*** DATA Section Begins ***

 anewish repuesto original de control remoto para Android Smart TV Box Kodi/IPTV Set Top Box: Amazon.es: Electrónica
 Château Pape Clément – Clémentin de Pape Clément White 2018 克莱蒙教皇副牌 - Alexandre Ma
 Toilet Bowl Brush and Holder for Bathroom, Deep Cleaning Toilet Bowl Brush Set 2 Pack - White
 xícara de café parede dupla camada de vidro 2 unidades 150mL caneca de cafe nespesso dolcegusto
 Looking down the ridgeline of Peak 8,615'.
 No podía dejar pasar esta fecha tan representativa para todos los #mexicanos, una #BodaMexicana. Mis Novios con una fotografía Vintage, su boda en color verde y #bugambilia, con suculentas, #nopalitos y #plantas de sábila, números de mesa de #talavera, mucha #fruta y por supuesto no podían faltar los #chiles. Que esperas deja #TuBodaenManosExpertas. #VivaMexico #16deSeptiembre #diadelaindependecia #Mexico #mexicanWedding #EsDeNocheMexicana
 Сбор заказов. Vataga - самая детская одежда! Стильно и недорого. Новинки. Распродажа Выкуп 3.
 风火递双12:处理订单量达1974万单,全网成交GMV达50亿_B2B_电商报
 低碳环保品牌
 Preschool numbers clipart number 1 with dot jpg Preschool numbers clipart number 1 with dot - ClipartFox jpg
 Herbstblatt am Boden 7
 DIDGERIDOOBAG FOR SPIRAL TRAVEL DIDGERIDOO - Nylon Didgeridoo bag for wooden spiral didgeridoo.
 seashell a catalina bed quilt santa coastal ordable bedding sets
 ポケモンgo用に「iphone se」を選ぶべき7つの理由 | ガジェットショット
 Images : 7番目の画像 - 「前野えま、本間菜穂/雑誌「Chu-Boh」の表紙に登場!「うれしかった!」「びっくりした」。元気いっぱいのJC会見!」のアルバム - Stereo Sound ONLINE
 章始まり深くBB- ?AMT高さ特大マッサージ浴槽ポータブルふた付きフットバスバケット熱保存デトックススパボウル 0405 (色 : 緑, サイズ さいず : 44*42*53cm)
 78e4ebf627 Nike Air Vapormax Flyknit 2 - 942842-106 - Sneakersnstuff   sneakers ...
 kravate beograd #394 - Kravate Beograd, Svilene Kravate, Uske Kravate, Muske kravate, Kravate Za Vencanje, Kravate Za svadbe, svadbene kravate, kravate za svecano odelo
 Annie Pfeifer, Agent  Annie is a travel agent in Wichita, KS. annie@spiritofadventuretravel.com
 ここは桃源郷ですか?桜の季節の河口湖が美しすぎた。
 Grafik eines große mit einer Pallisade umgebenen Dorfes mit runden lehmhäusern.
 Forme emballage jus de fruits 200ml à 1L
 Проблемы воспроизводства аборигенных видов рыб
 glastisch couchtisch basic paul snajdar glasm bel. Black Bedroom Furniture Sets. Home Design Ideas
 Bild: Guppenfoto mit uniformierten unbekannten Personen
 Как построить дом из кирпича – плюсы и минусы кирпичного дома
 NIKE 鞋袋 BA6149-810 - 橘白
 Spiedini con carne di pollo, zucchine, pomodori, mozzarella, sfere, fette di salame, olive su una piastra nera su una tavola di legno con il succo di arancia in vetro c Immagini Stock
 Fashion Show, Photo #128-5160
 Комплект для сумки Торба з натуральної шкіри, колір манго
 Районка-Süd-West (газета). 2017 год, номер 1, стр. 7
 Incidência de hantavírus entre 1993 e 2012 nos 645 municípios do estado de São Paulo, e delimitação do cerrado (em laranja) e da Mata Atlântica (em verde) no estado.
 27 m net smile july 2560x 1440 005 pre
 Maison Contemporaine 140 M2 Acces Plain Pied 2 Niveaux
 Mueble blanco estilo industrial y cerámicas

*** DATA Section Ends ***

YOUR INSTRUCTIONS: Return every line above where "para" appears.

PROBLEM SOLUTION:
 anewish repuesto original de control remoto para Android Smart TV Box Kodi/IPTV Set Top Box: Amazon.es: Electrónica
 No podía dejar pasar esta fecha tan representativa para todos los #mexicanos, una #BodaMexicana. Mis Novios con una fotografía Vintage, su boda en color verde y #bugambilia, con suculentas, #nopalitos y #plantas de sábila, números de mesa de #talavera, mucha #fruta y por supuesto no podían faltar los #chiles. Que esperas deja #TuBodaenManosExpertas. #VivaMexico #16deSeptiembre #diadelaindependecia #Mexico #mexicanWedding #EsDeNocheMexicana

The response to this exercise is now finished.